They don’t classify the IDC into the above terms – simply just IDC.

The data center industry sometimes dropped the term co-location, i.e. wholesale co-location data center = wholesale data center.

I believe these separate terms are created by the data center service providers ourselves.

I believe the different market segment terms came about due to the sheer size of the US market that these somewhat distinct segments are formed and they tend to differentiate along the scale and size of the client’s data hall size requirements.

  • Enterprise aka in-house data center
  • Wholesale co-location data center (preference to have one client per building)
  • Multi-tenanted co-location data center (preference for 1 customer = 1 data hall = 1 private vault =1 private data room)
  • Retail co-location data center (One rack or within one rack, includes dedicated server hosting)
  • Webhosting aka managed hosting, shared server hosting, and virtual server hosting
  • Cloud Data Center

Let me put this into perspective. With the exception of enterprise data center, the co-location data center terms are from the perspective of the data center co-location service providers and not usually from the perspective of clients.

The big boys are those that are big scale, the DRTs, Equinix, but there are lots of data center co-location service providers in the US that we outside of that market are not aware of. In the end, DRT is still less than 10 percent of data center white space in the US, so there are a lot of service providers while it is a big pie to slice and dice.
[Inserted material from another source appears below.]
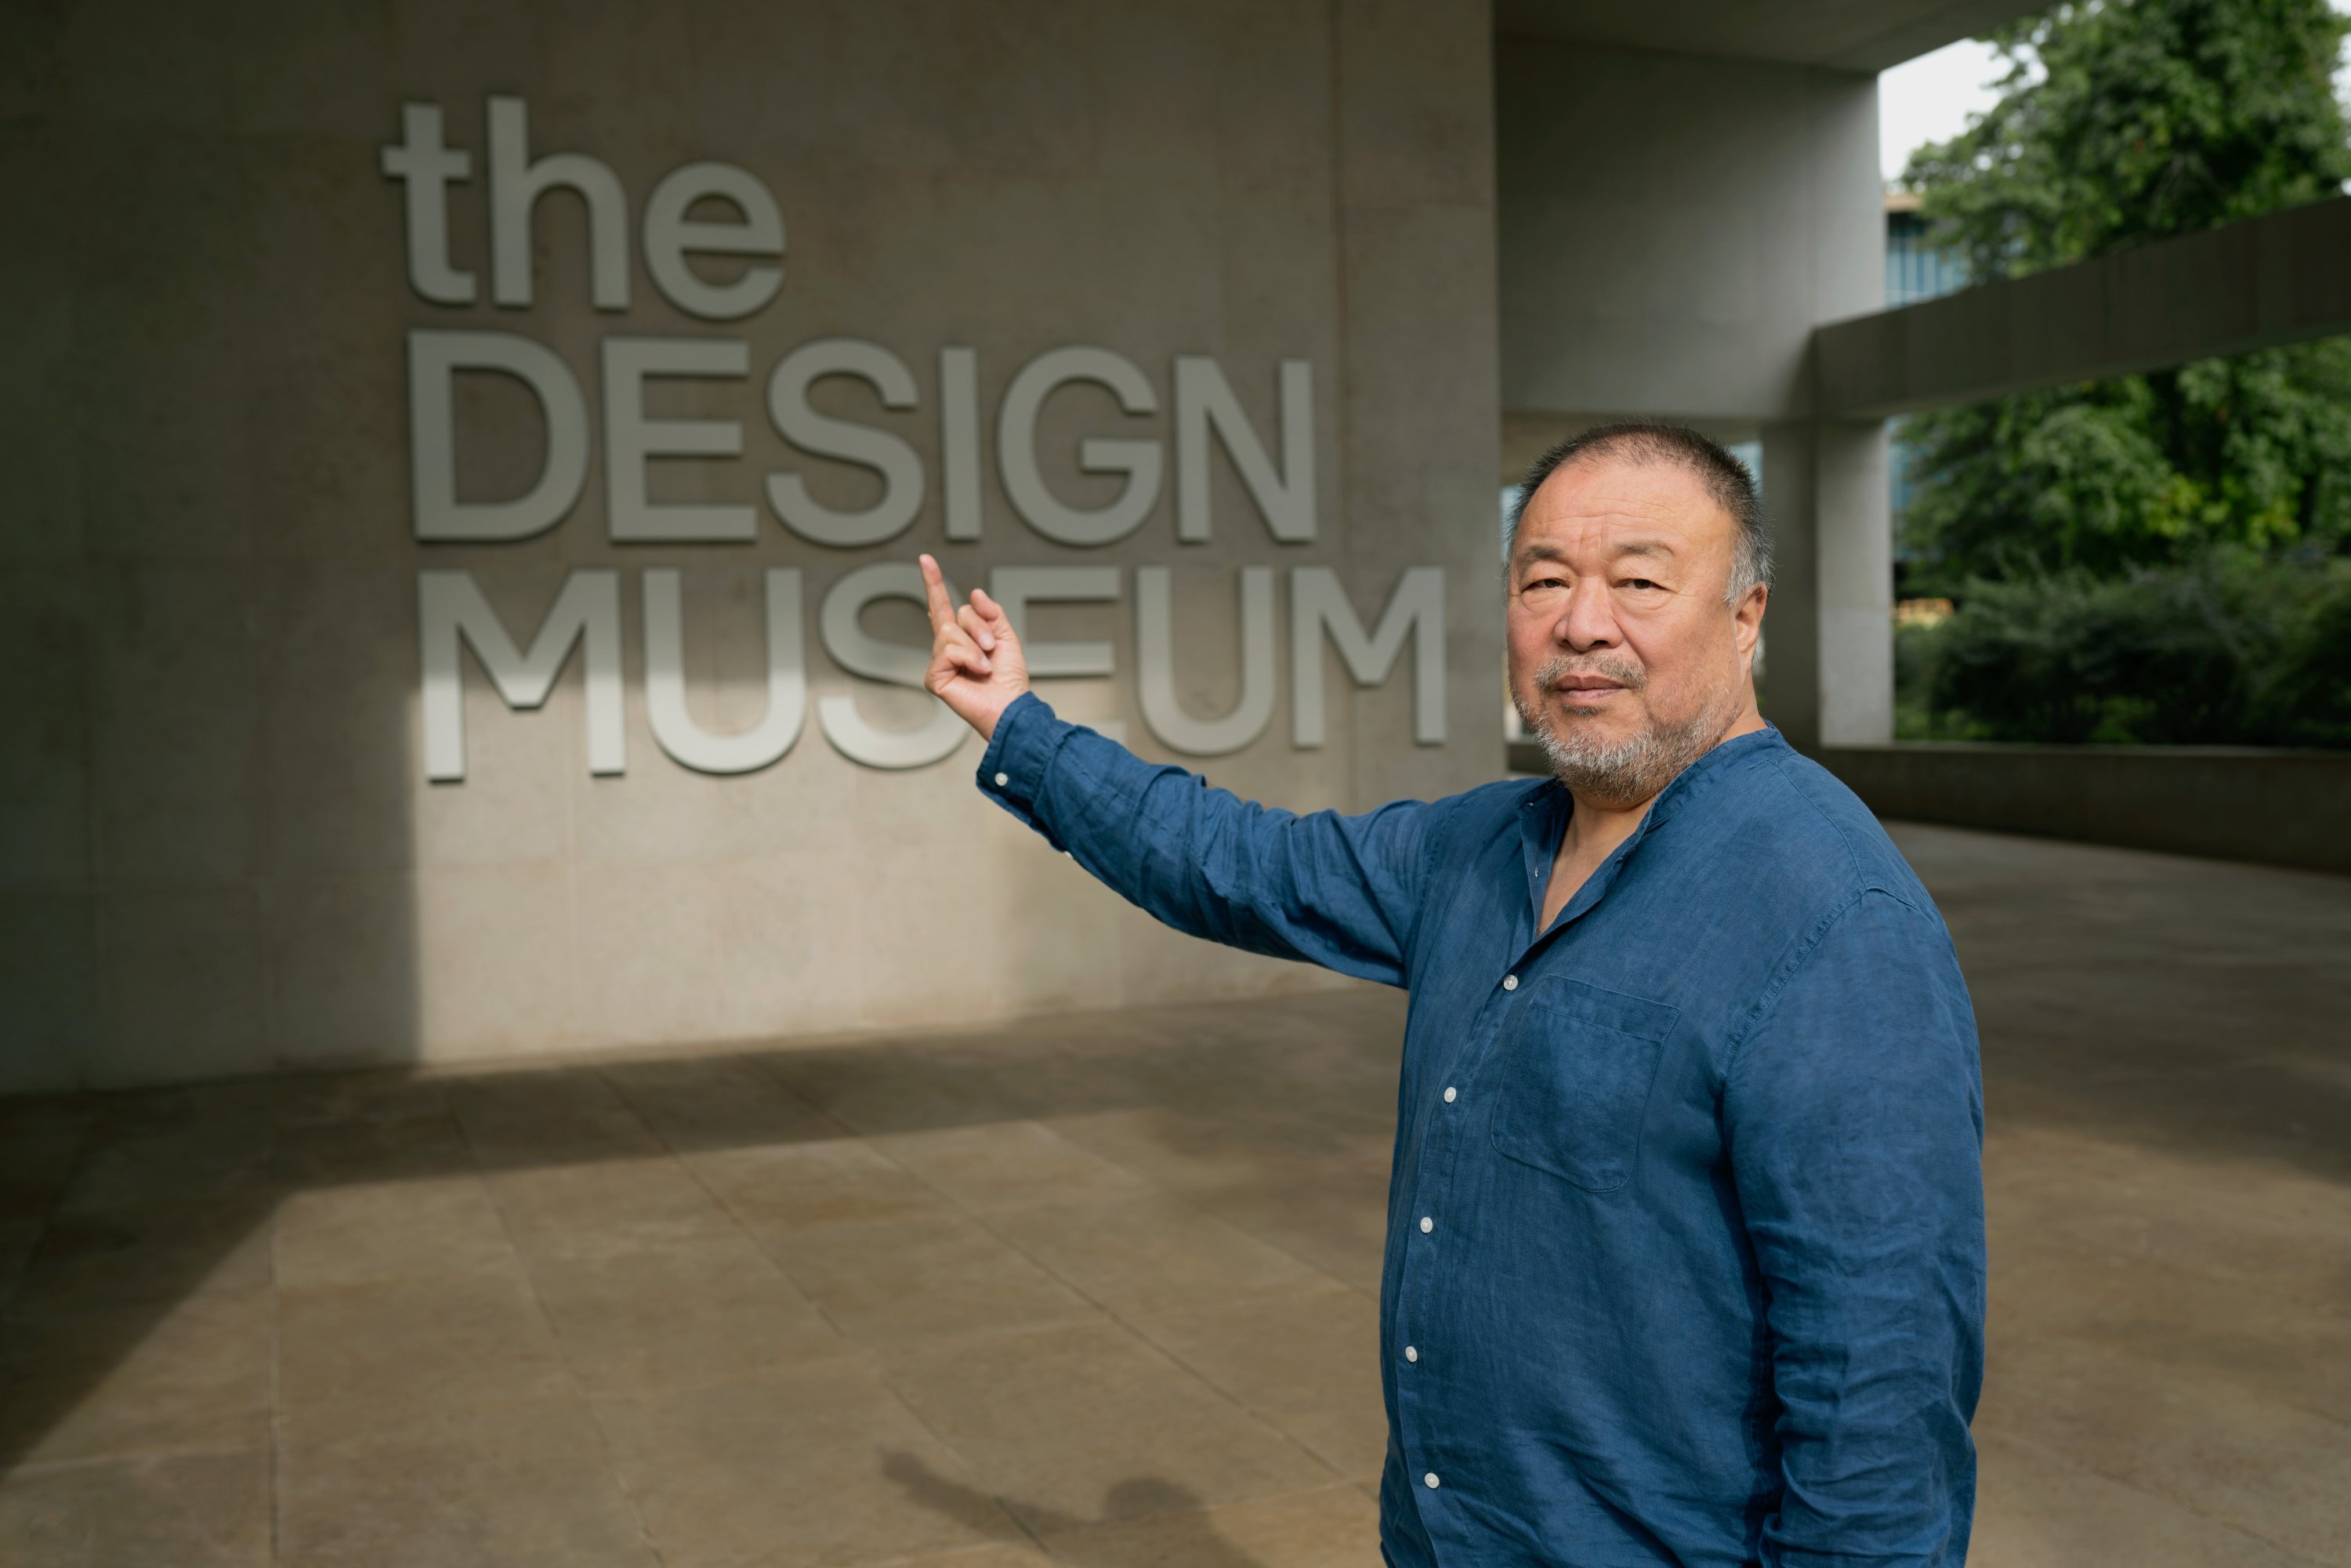 Seniman Tiongkok Ai Weiwei mengatakan pameran berbasis koleksinya yang akan datang di Museum Desain di London menceritakan lebih banyak cerita tentang masa lalu dan masa kini daripada barang antik tunggal, London, Inggris, 30 Januari 2023. (Foto dpa)

There is little agreement to the definition of these terms globally though. A particular type may be dominant in a particular country due to the fact that clients are only looking for say, retail co-location data center. In Jakarta, while dedicated data center building is being planned, most of the data centers are the retail and multi-tenanted in mixed use buildings as the scale of demand are aggregately large but coming from lots of small and middle clients because most large enterprises prefers self-built and in-house.

There is no agreement on the term Cloud data center, since it can exist in any of the data center market segment types.

It is perhaps one of the reason why there is very few campus-scale wholesale co-location data center in China because customer demand have not reached that scale yet and also the way land are allocated in China do not favor data-center-industry-park as the local government prefers job-creation while data center ultimately do not employ a lot of workers. They do like cloud data center as they perceive these will employ lots of IT engineers/programmers.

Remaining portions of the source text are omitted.